Да, думал он, книгохранилище будет самым подходящим местом для символического освобождения хранилища банкнотов, к которым он все время был так близок, а теперь оказался в еще большей близости, практически в пределах досягания пальцами, кончики которых покалывало от нетерпеливого возбуждения, еще чуть-чуть — и пятьсот тысяч долларов станут его неоспоримой и явной добычей. Ладонь девушки, сжимающая его руку, вспотела, пока они стремительно шли по мраморным коридорам, словно и она чувствовала, что он готов столкнуть вниз эту лавину денег, окрасить ее ягодицы в зеленый, как и обещал, позволить ей барахтаться в этих грудах презренных бумажек. Он заметил еще одну дверь с табличкой: «Персонал» и толкнул ее, но она оказалась запертой, и он продолжал бежать дальше, зажав в своих потную, горячую руку девушки; обоих окутывал дурманящий запах больших денег, он нетерпеливо тыкался во все двери, ожидая, когда от его толчка одна из них распахнется, и за ней появятся бесконечные ряды книг, пылящихся на высоких, до самого потолка, стеллажах, за которыми они позволят банкнотам скользить меж пальцев, бесшумно струиться на пол в торжественной тишине, если только раньше их не настигнут Генри с Джорджем.
А затем, совершенно неожиданно (именно так, как и должно быть) одна дверь открылась под его рукой, являя их потрясенным взорам бесчисленные строгие стеллажи, доверху заполненные книгами, ряды стеллажей тянулись вдали, насколько хватало глаз. Шагнув с девушкой внутрь, он запер дверь и повел Мерили за руку между стен из книг, гадая, есть ли среди них те самые энциклопедии, которые он продавал до того, как предался жизни, полной азартного риска, жизни, которая наконец готова расплатиться с ним половиной миллиона восхитительных долларовых банкнотов.
— О Господи, — прошептала девушка, — да здесь, наверное, бродят привидения.
— Tcc! — зашипел он и крепко сжал ее горячую ладонь.
Он услышал в отдалении чьи-то шаги, вероятно, библиотекарь искал еще одну толстую древнюю книгу для ученых старцев, замерших над столами в читальном зале, отделанном дубовыми панелями.

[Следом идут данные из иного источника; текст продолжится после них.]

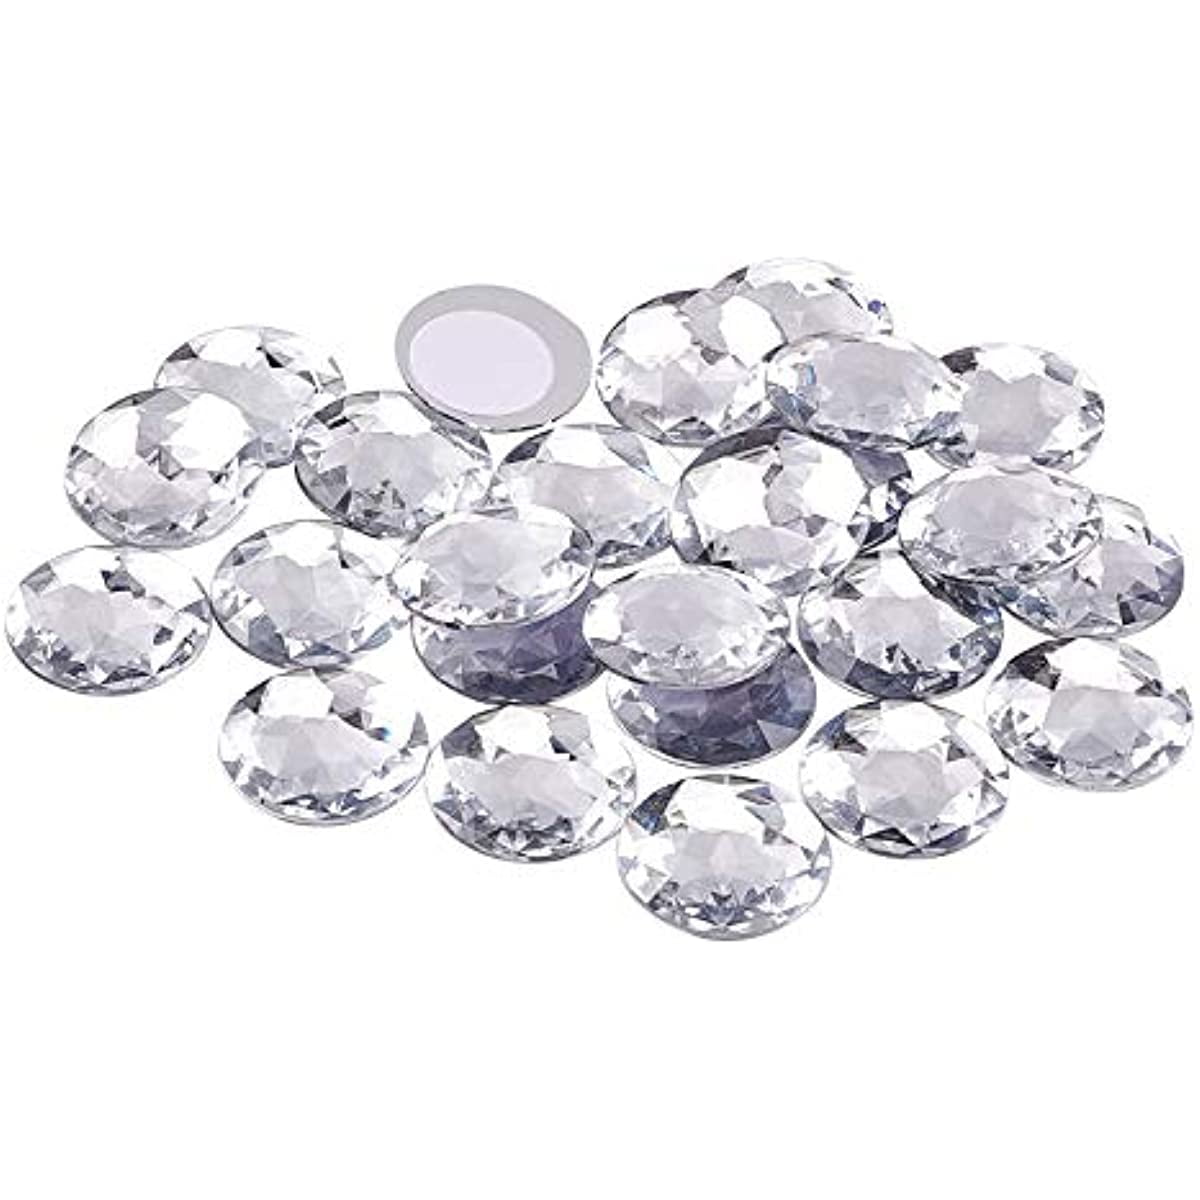 150 Pcs HINZIC Crystal Rhinestones 25mm Round Clear Acrylic Gemstones Glitter Gems Large Diamonds for Jewelry Making Wedding Cosplay Embelishments

Он повел Мерили подальше от этих шагов, увлекая ее все глубже и глубже в лабиринт стеллажей, сомневаясь, сможет ли потом найти дорогу к выходу, но сейчас это его не особенно тревожило, потому что в воздухе висел всепобеждающий запах огромных денег, смешиваясь с затхлым ароматом старинных фолиантов. Звук шагов замер где-то вдали.
Неожиданно беглецы оказались в глухом тупике, уединенном, словно они попали в дремучий лес, со всех сторон их окружали высоченные стеллажи с книгами, а где-то над входной дверью смутно виднелся красный огонек, обозначая направление побега, если это им понадобится.
— Ты хочешь уложить меня прямо здесь? — спросила девушка.
— Да, — сказал он.
— Но сначала деньги, — сказала она.
Его покоробило ее требование, потому что эта фраза исстари произносилась во всех притонах от Панамы до Мозамбика, и он не ожидал услышать ее от девушки, которая заявила, что готова на любой риск.
— Деньги у меня есть, — сказал он.
— Где?
— Они у меня есть, — настаивал он.
— Да, я верю тебе, беби, но где они?
— Прямо здесь, — сказал он и поцеловал ее.
Целуя ее, он думал, что, если она станет настаивать, чтобы сначала получить деньги, он, наверное, достанет их, потому что ведь деньги на то и существуют, чтобы за них получить все, что хочешь и в чем нуждаешься. И все же, думал он, целуя ее, насколько было бы приятнее, если бы она не требовала денег, а предложила бы ему всю себя во всей своей чернобархатной утонченной красоте, предложила бы себя свободно и охотно, не ожидая выполнения обещаний, отдалась бы ему, просто отдалась — безо всякой надежды получить что-либо взамен, да, думал он, целуя ее, это было бы куда приятнее. Он едва не растаял от этого единственного поцелуя, едва не начал доставать деньги в тот момент, когда вдруг их бедра соприкоснулись, потому что деньги перестали казаться чем-то важным и значительным, единственно значительным была неизъяснимая сладость ее нежных губ. Наверное, девушка тоже наслаждается поцелуем, прижимаясь к нему с такой страстностью, которой он никак не ожидал в ней, обнимая его, как в кино, широко расставленными пальцами одной руки обхватив его шею, чего он никогда не испытывал (даже Ирэн так не обнимала его, хотя была по-настоящему страстной, и при этом порой очень застенчивой).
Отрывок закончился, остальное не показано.